- **TASK DESCRIPTION**
Copy out exactly the lines beginning with the one that contains "Emsa Thermobecher Travel" and ending at the last line of the listing, skipping any pictures.
(INFORMATION SHOWN begins)
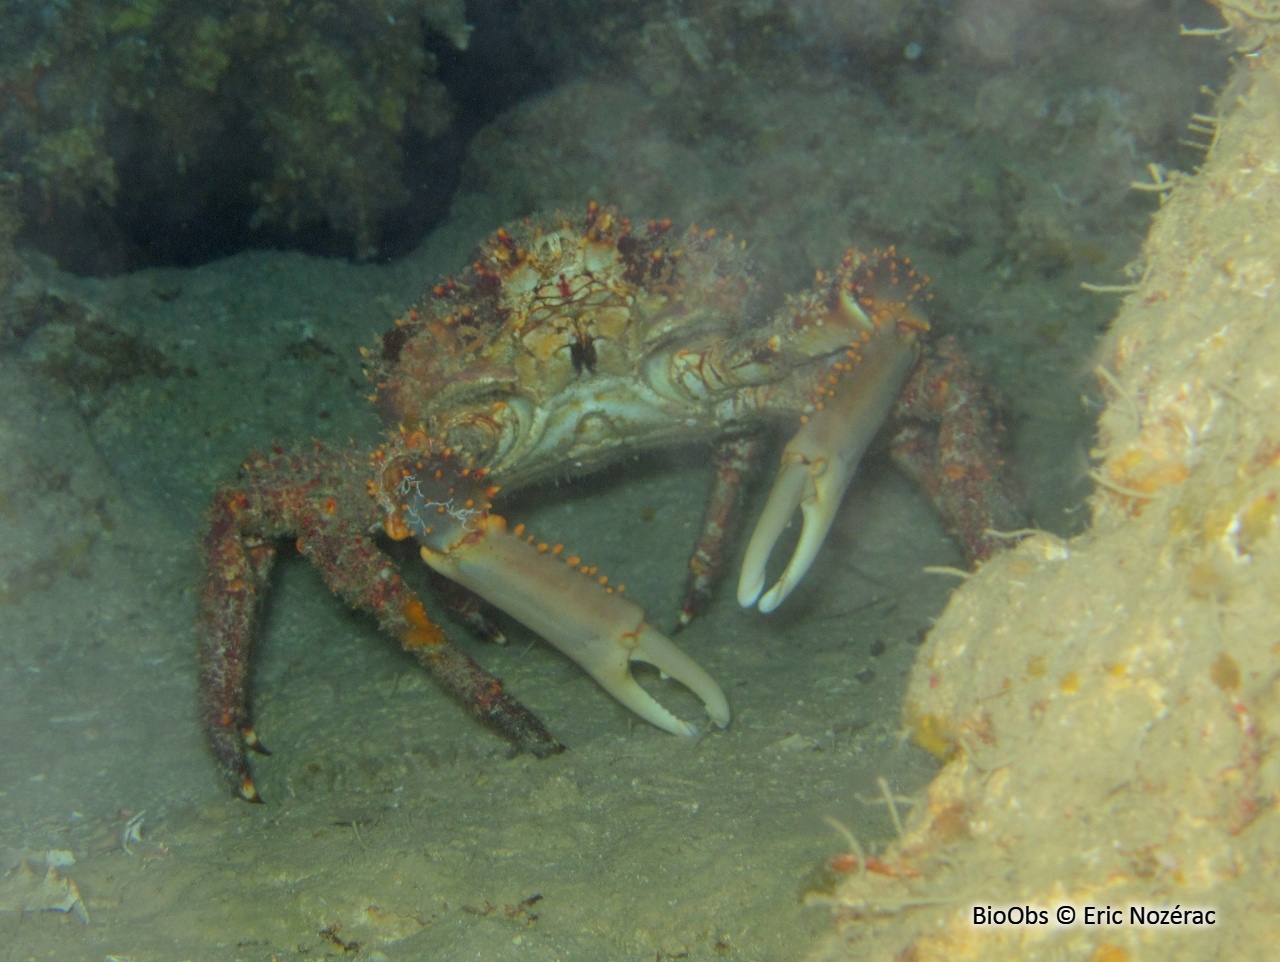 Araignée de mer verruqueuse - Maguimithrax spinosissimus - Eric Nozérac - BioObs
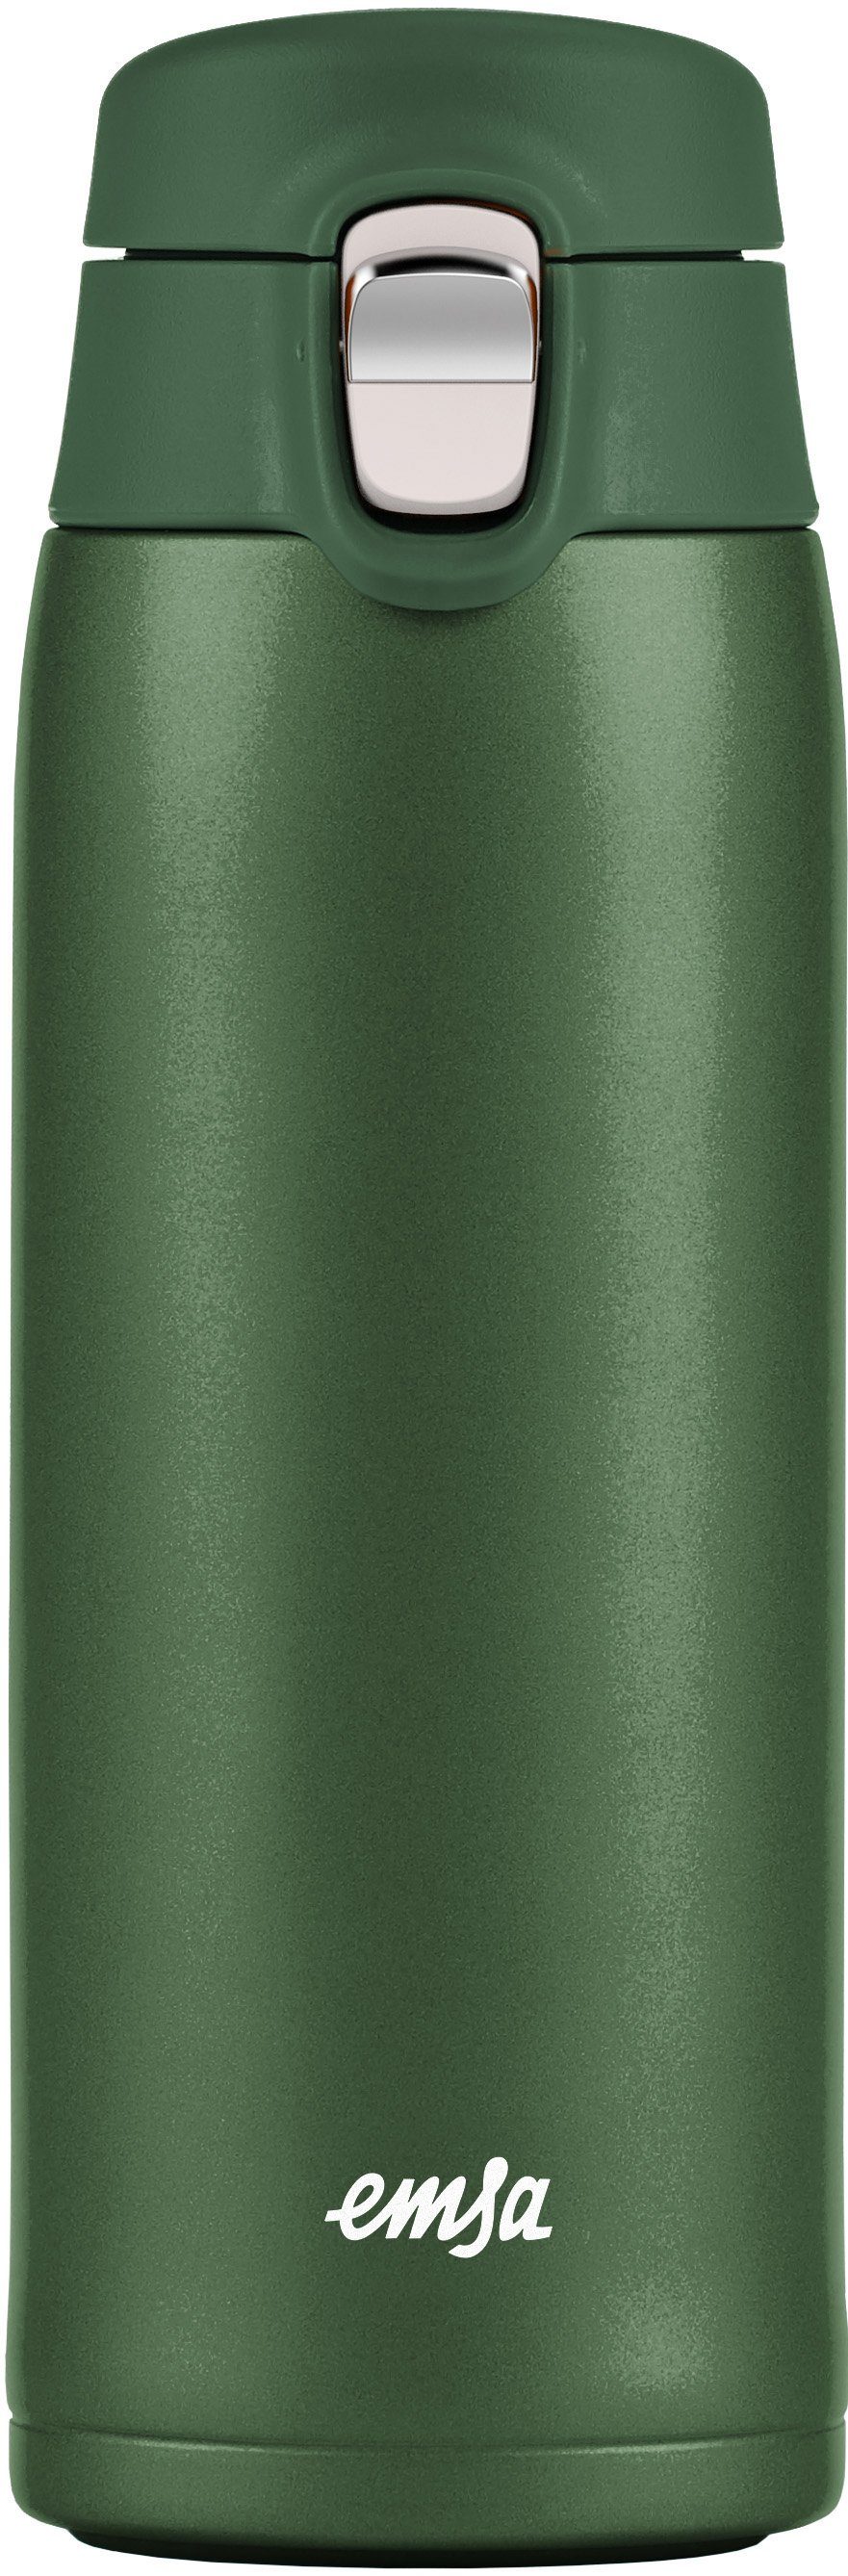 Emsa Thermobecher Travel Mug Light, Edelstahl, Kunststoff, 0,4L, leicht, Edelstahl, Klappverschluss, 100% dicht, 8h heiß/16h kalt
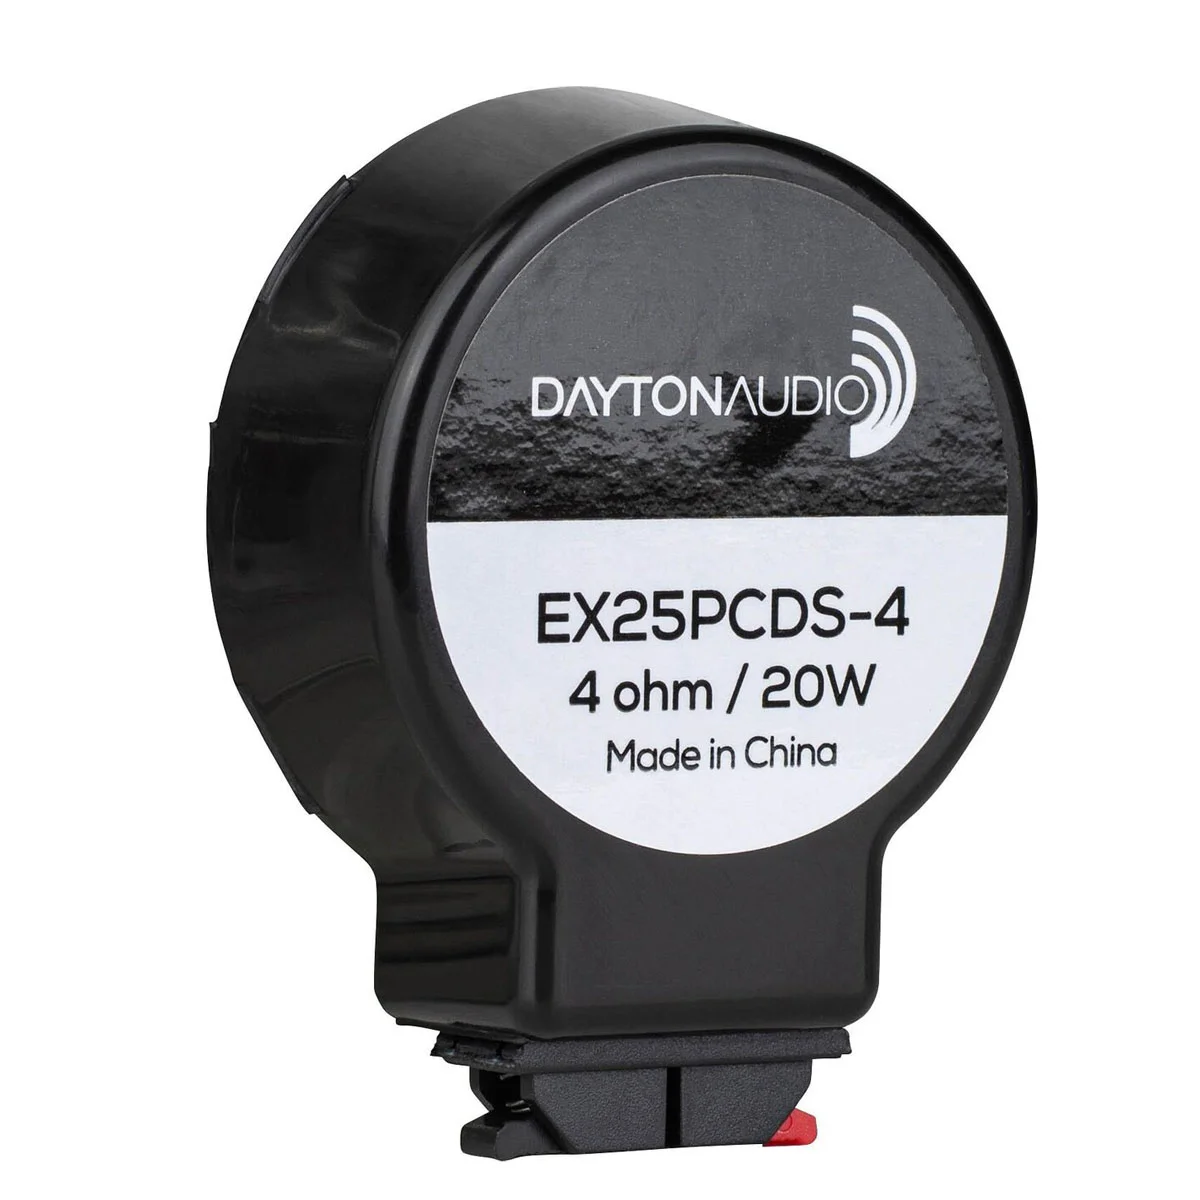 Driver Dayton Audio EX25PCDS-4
(INFORMATION SHOWN ends)
- **THE ANSWER**
 Emsa Thermobecher Travel Mug Light, Edelstahl, Kunststoff, 0,4L, leicht, Edelstahl, Klappverschluss, 100% dicht, 8h heiß/16h kalt
 Driver Dayton Audio EX25PCDS-4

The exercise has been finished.